When the prediction system predicts that the patient is likely to have T2RF, the respiration monitoring mechanism is started to monitor the respiratory frequency of the patient in real time, and simultaneously acquire the image information of the patient, so that medical personnel can check the condition of the patient at any time, and when the patient is in an abnormal condition, treatment measures can be taken in time.

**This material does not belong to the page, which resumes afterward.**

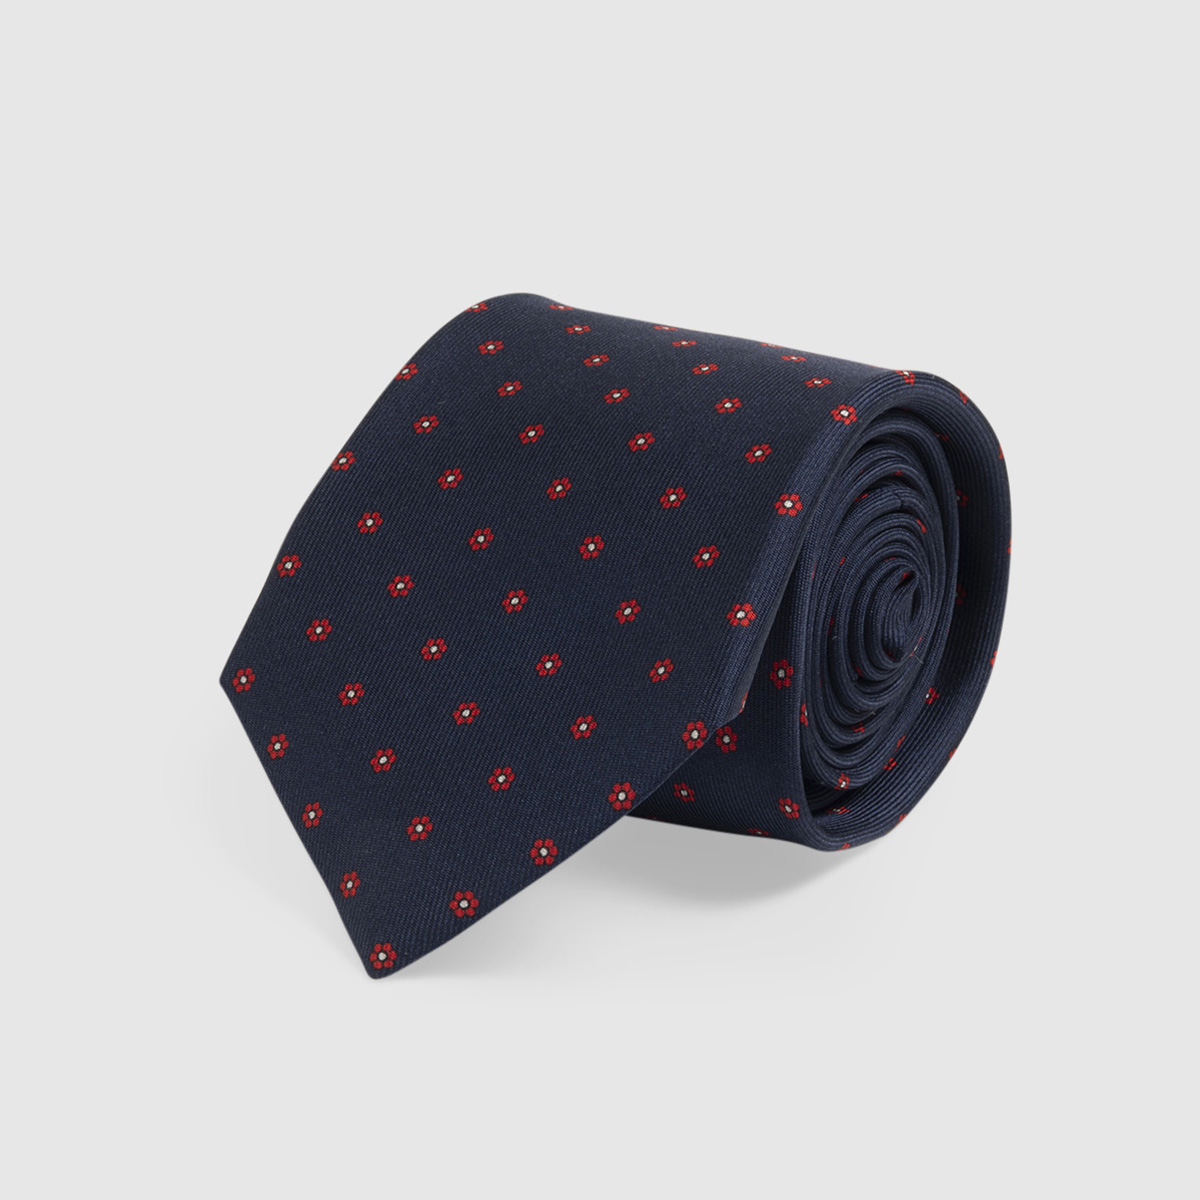 Navy blue silk tie with floral micro-pattern
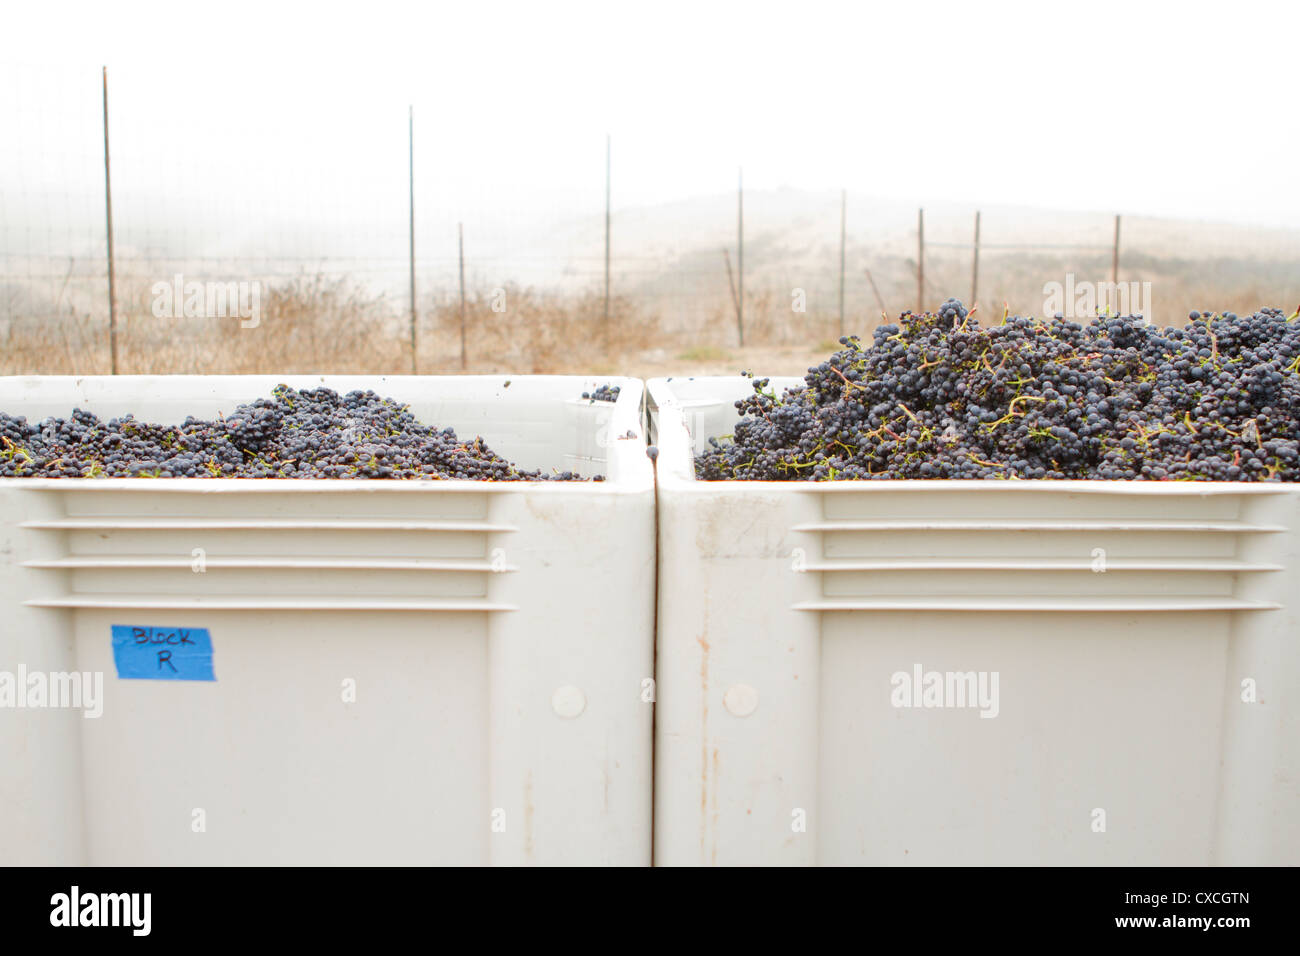 Pinot noir grapes in bins, ready to be shipped for processing. Stock Photo

The head-mounted breathing training mechanism can assist a patient in lip contraction breathing training and help the patient to reduce the probability of respiratory failure. The lip contraction breathing prolongs the expiration time through weak resistance formed by the lip contraction breathing, increases the pressure of the airway, and delays the collapse of the airway. The patient ventilates nasally with the mouth closed, then slowly exhales through the constricted lips (whistling), while contracting the abdomen. When the patient breathes in, the tip of two swinging arms is located the side of patient's nose head and lip respectively, and the flexible band is laminated with the lip, hinders the patient lip and breathes in, and supplementary patient only adopts the nasal cavity to breathe in. When the patient exhales, the two swinging rods swing to simultaneously clamp the nose head part and the lips of the patient, so that the nasal cavity of the patient is closed, the lips of the patient contract when being squeezed, and the flexible belt assists the lip contraction and exhalation of the patient.

Further, control mechanism includes gag lever post and pusher, the gag lever post is located between the contained angle of two swinging arms orientation face side, the both ends of gag lever post respectively with two swinging arms sliding connection, the output and the gag lever post fixed connection of pusher, the output perpendicular to gag lever post of pusher, pusher install on the locating rack.

The pusher controls the limiting rod to move, the limiting rod moves, and the angle between the two swinging rods is changed, so that the nose and the lips are clamped and loosened by the swinging rods, the structure is simple, and the operation is facilitated.

Furthermore, the equal fixedly connected with of tip of swinging arms bulldozes the board, is equipped with flexible protective layer on bulldozing the board.

Set up and bulldoze the board, bulldoze the board and compare with the tip of swinging arms, the area that bulldozes the board is bigger, then bulldoze the board and the area of contact of nose or lip bigger, more do benefit to and bulldoze nose or lip, and the flexible inoxidizing coating can avoid bulldozing the board and carry out the rigidity bulldoze and harm the human body to the human body.

Further, the respiration monitoring device also comprises an alarm, wherein the input end of the alarm is connected with the output end of the respiration monitoring mechanism, and the alarm is used for sending out an alarm signal.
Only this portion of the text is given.